What you will do:
Quote exactly and only this range of lines in the data below: the line that holds "Таблица (большой формат). Омск - 1981/82" to the line that holds "创意美术77儿童创意画 题目:《多样的水壶》 绘画种类:线描静物", both included.

Listed records:
*** Block opens ***
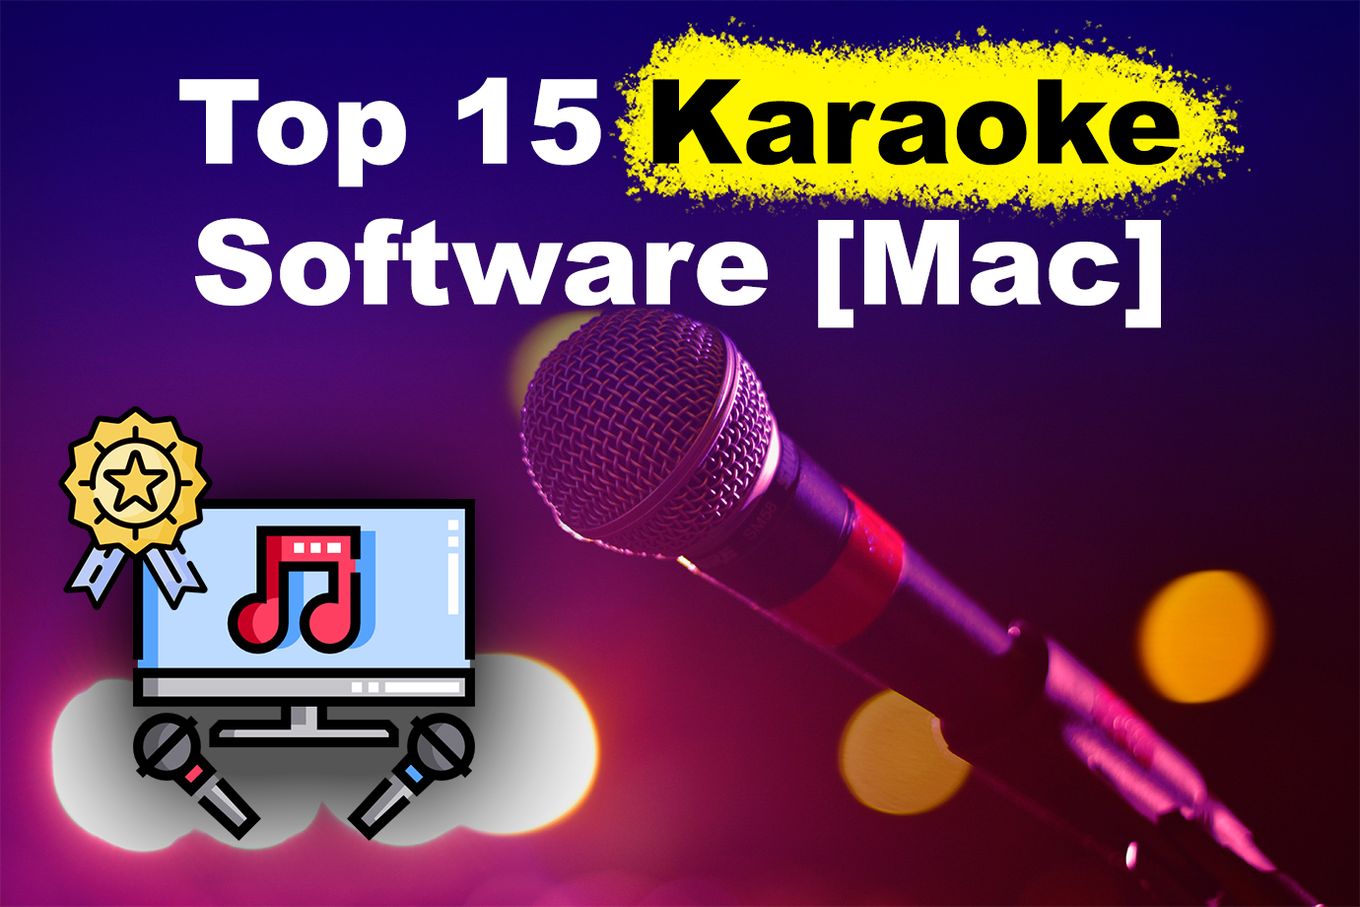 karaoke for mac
*** Block closes ***
*** Block opens ***
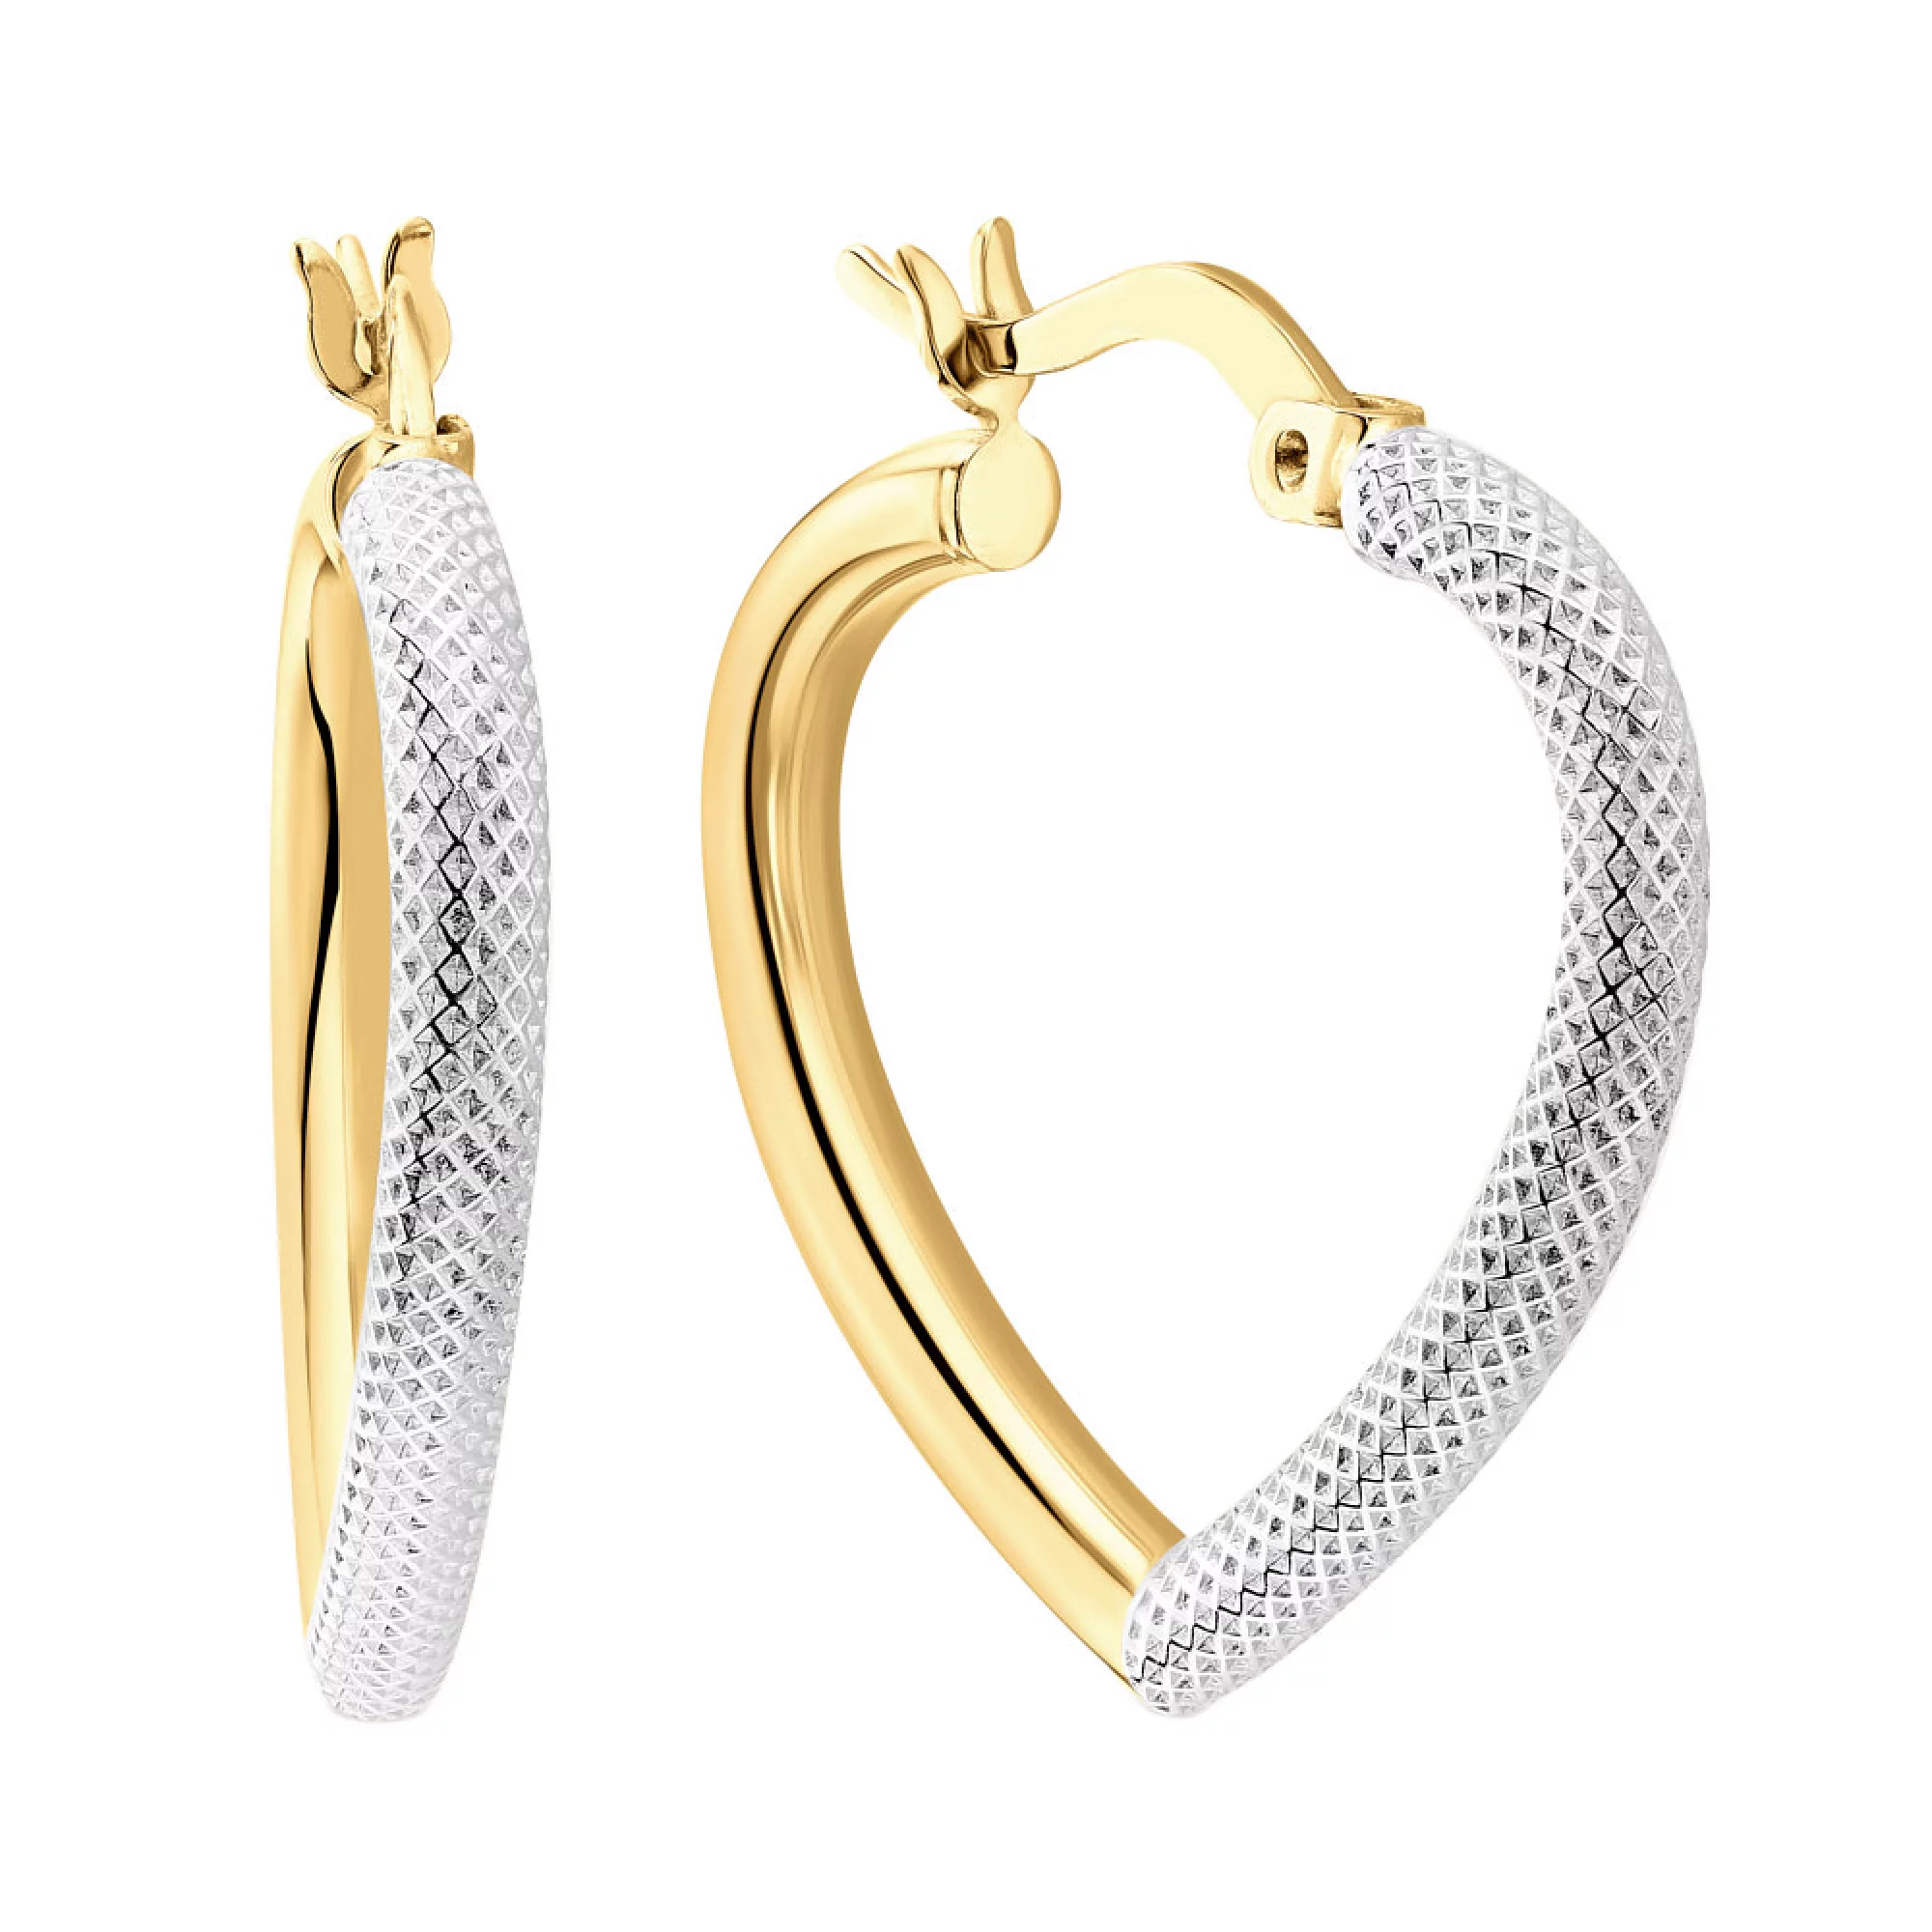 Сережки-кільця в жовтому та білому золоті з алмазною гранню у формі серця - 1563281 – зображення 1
*** Block closes ***
*** Block opens ***
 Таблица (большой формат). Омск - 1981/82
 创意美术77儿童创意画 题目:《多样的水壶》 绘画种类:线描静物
*** Block closes ***
Answer to the exercise:
 Таблица (большой формат). Омск - 1981/82
 创意美术77儿童创意画 题目:《多样的水壶》 绘画种类:线描静物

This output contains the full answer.